[[ Data section, beginning ]]

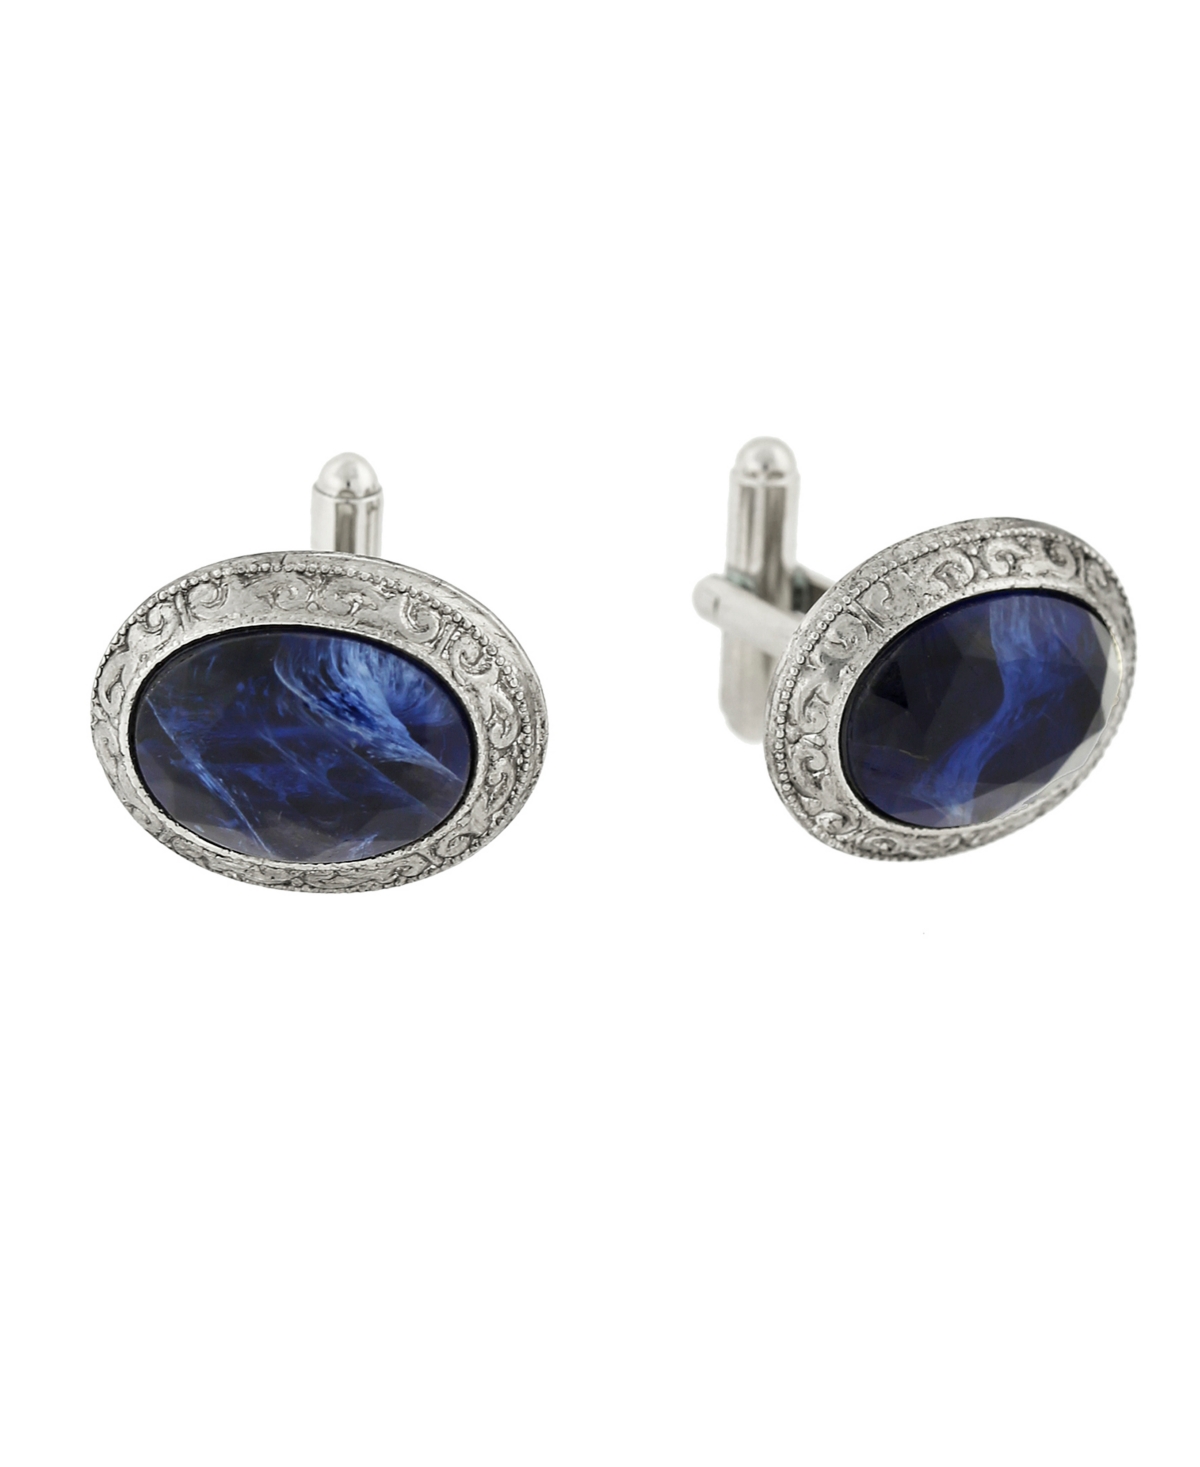 Jewelry Silver-Tone Oval Cufflinks - Blue
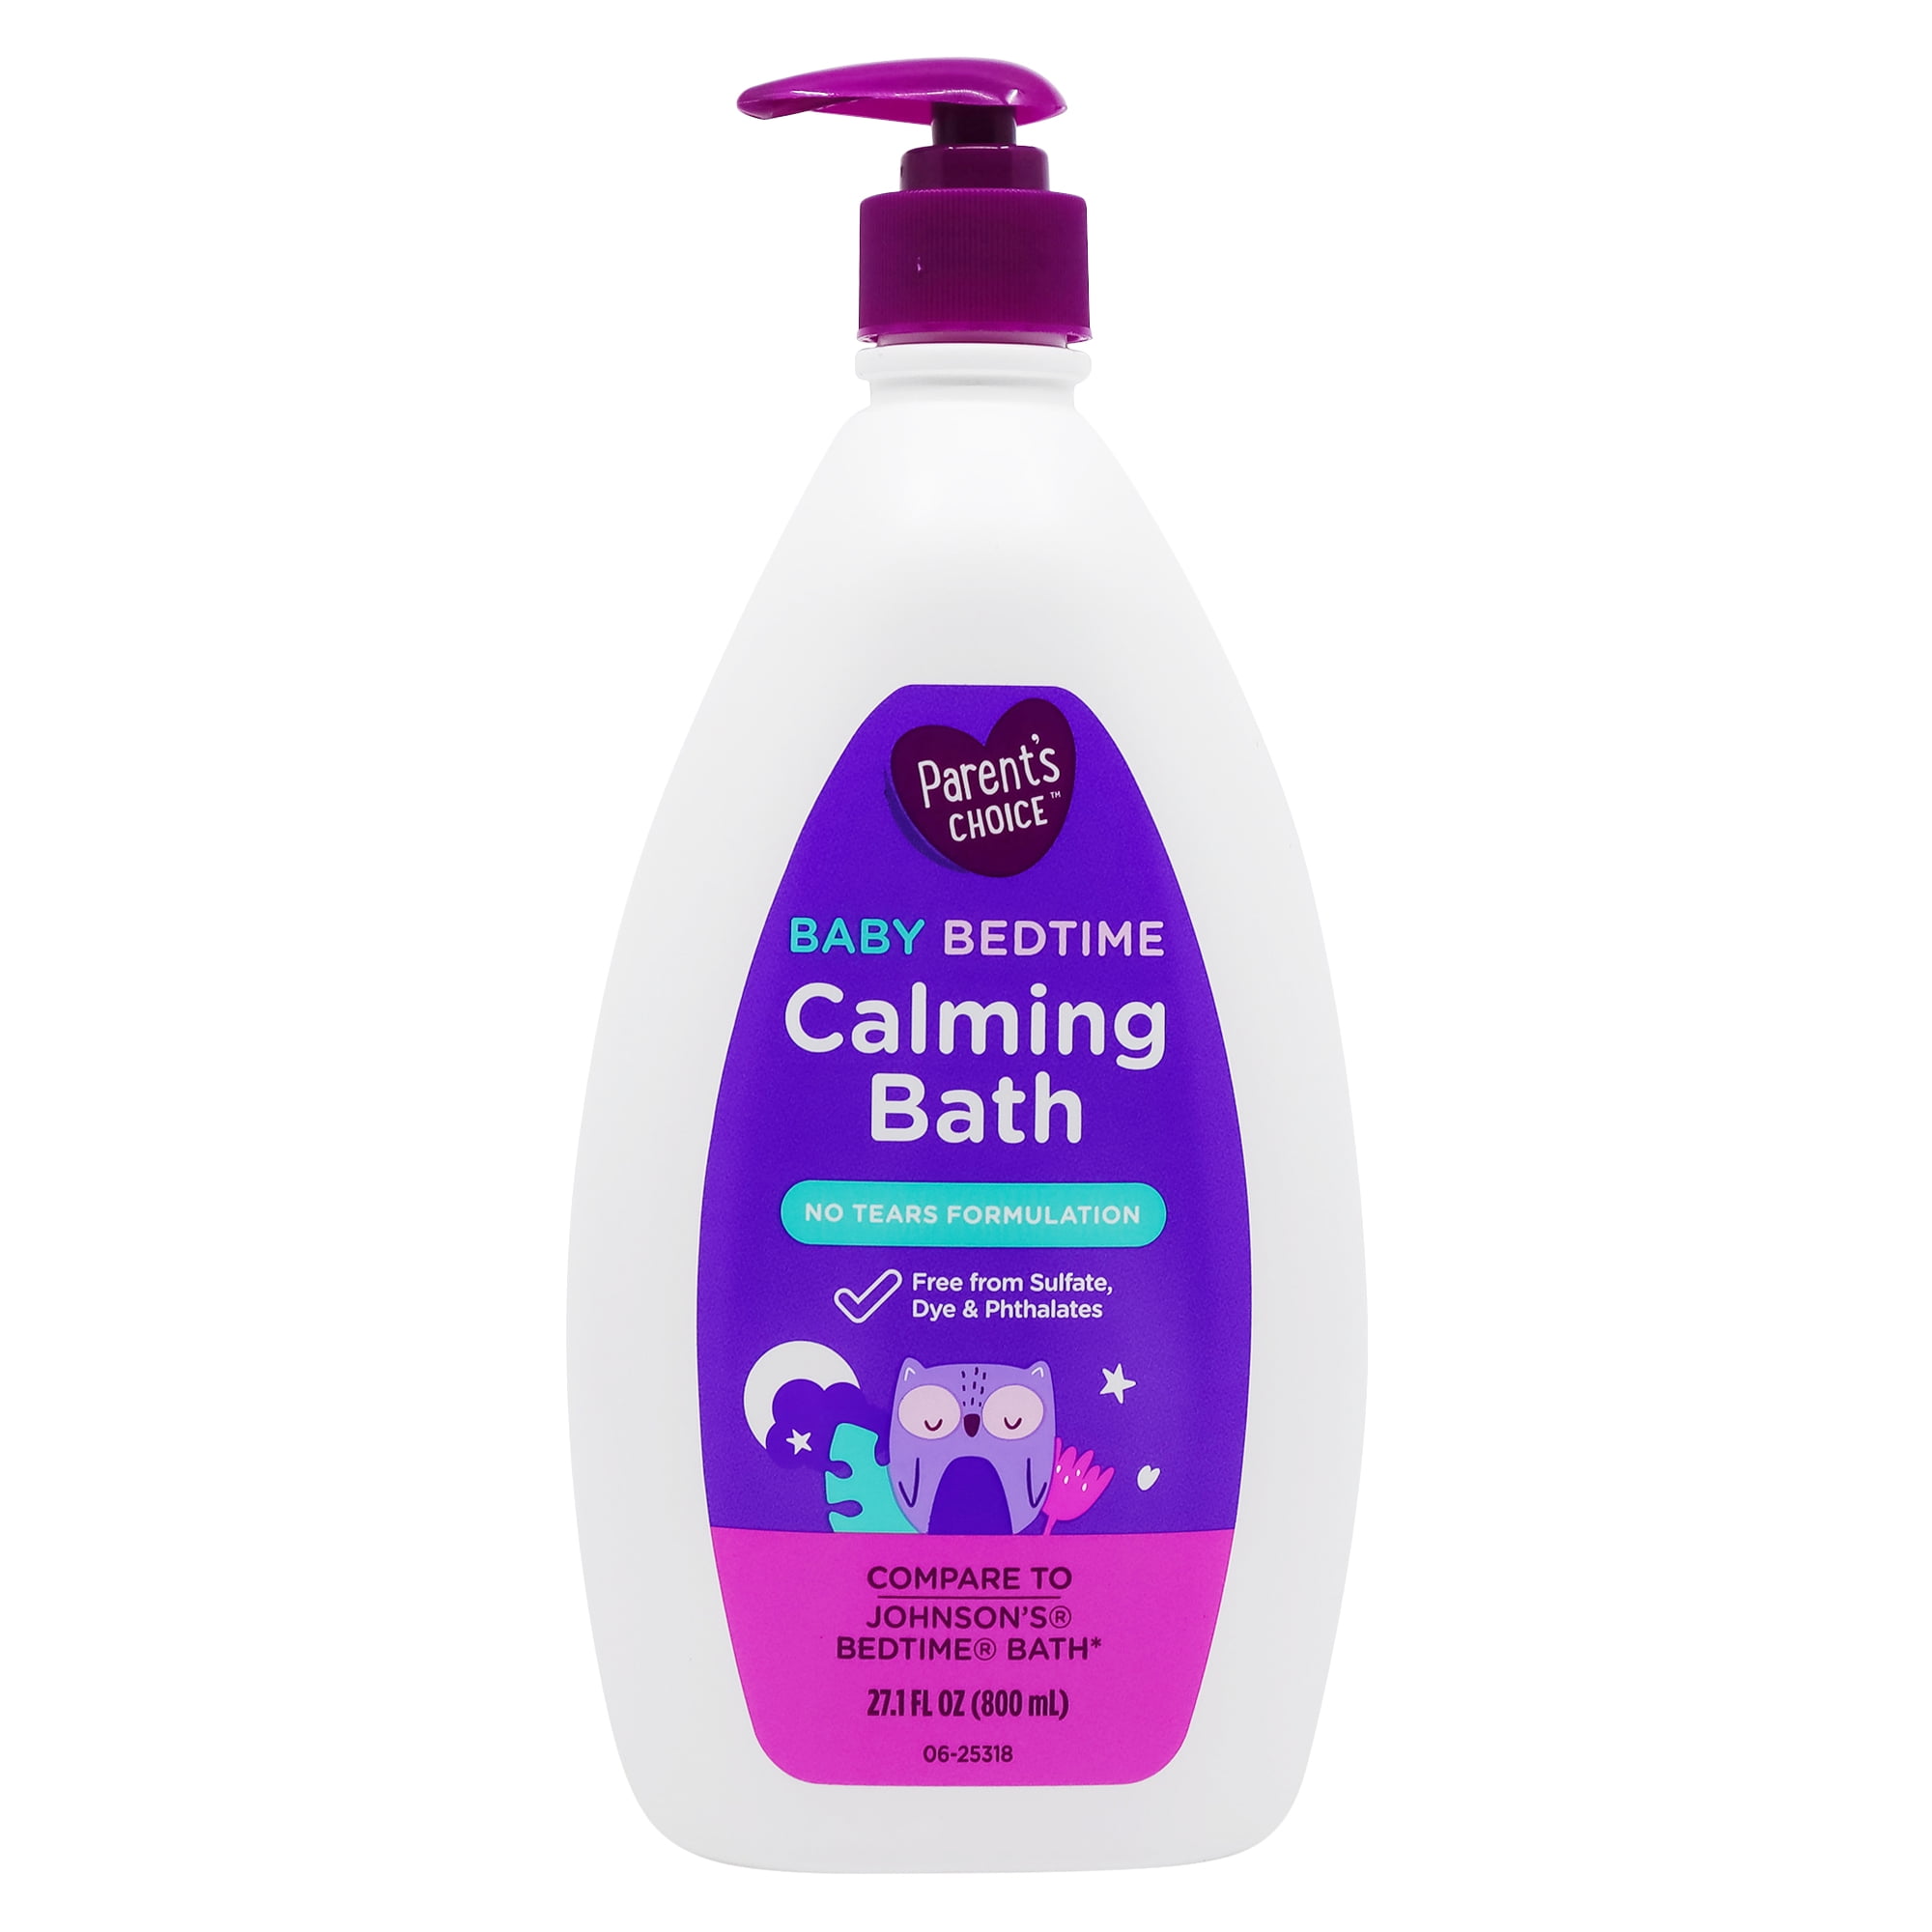 Parent's Choice Baby Bedtime Calming Bath, 27.1 oz
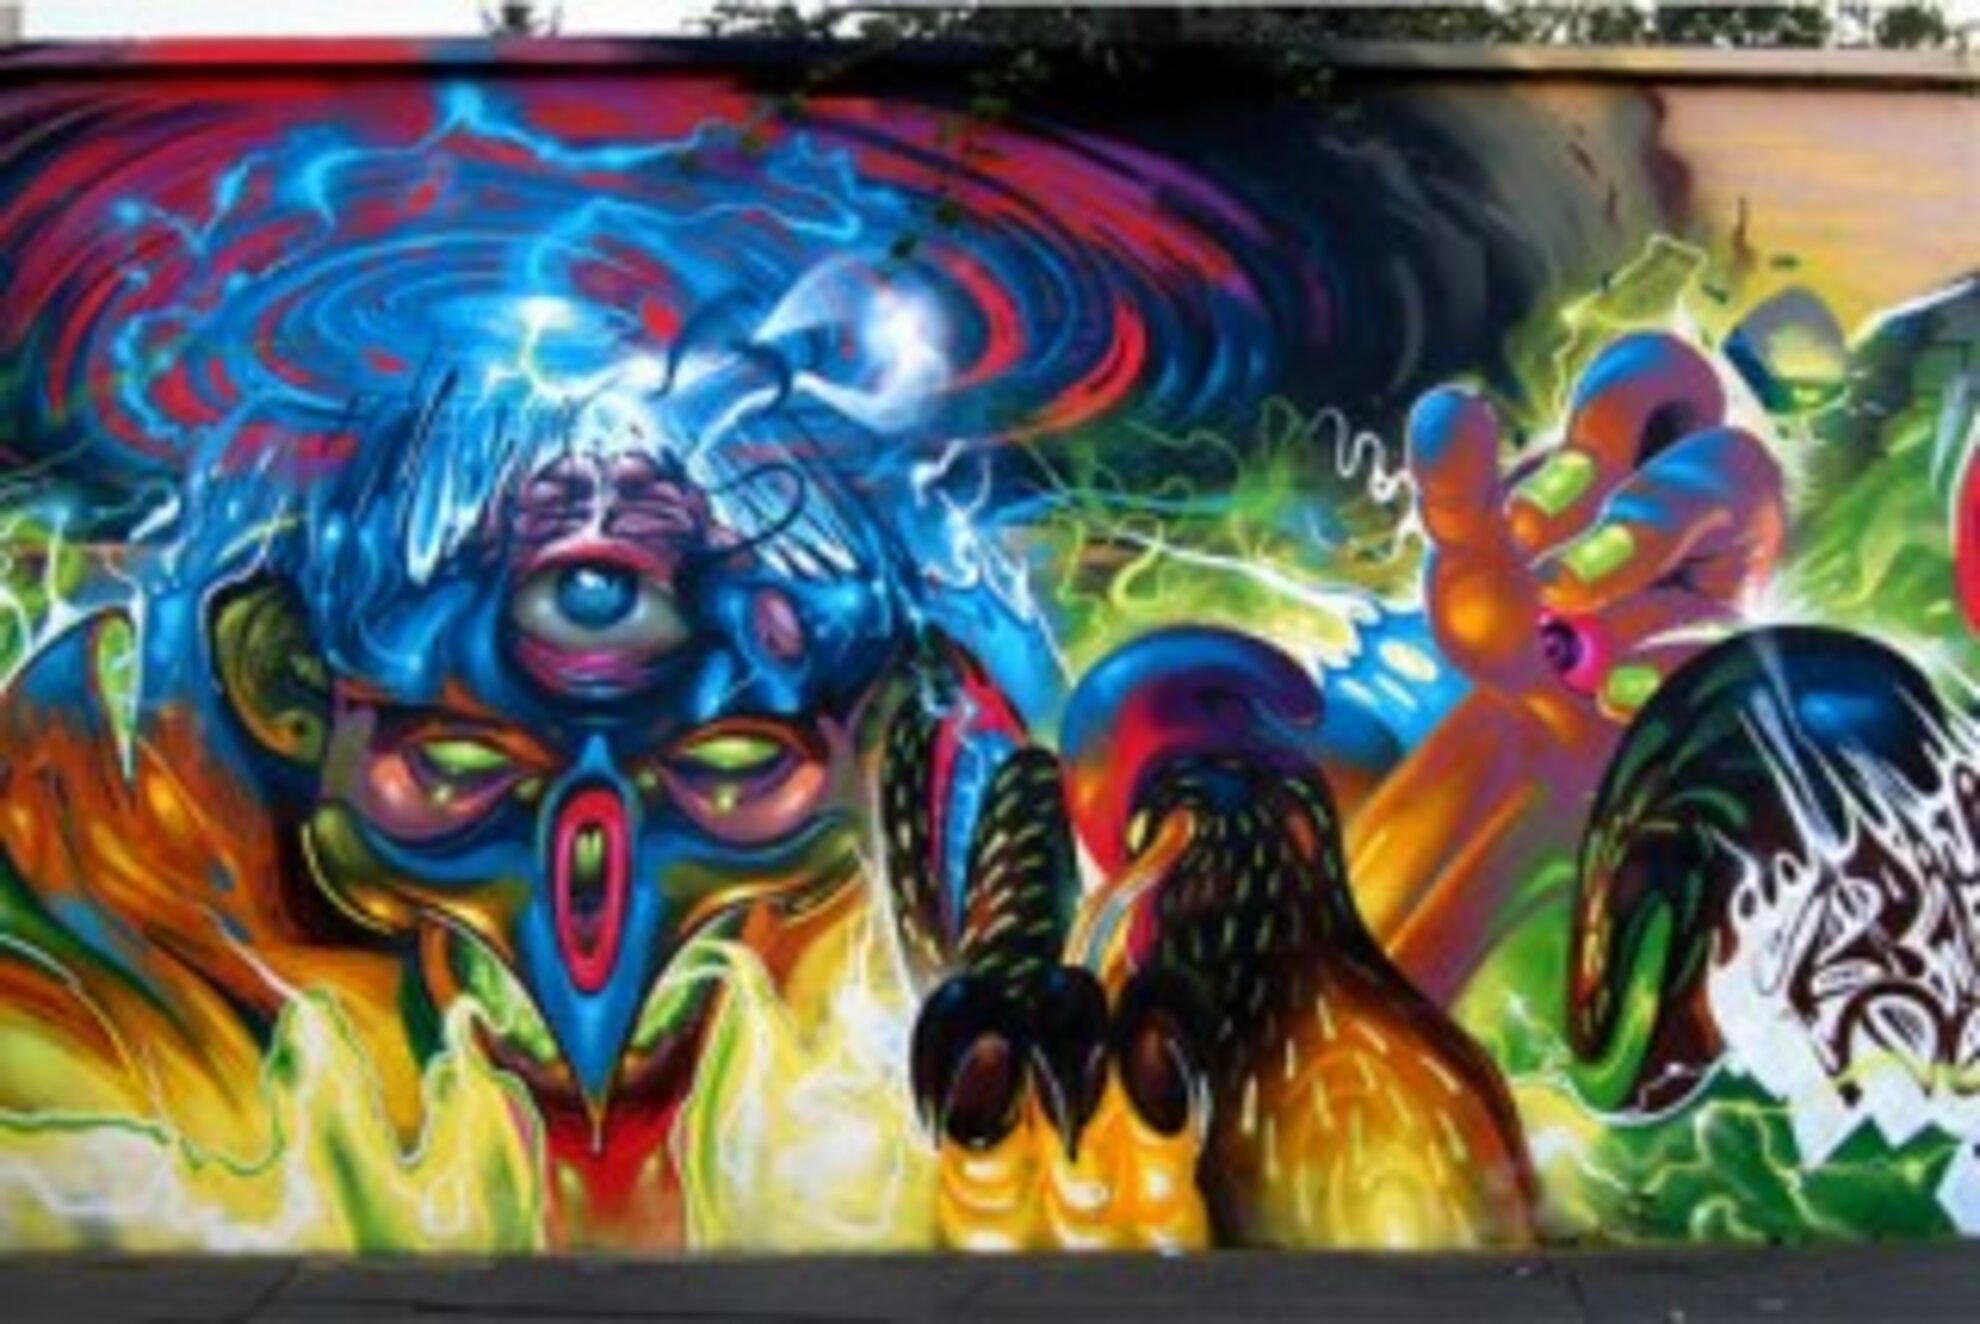 “Ez valamiféle post-graffiti” Urban Tactics interjú

[[ Data section, end ]]

_Required action_. Restate the listing above word for word and skip each picture.

_Solution for this problem_.
 Jewelry Silver-Tone Oval Cufflinks - Blue
 Parent's Choice Baby Bedtime Calming Bath, 27.1 oz
 “Ez valamiféle post-graffiti” Urban Tactics interjú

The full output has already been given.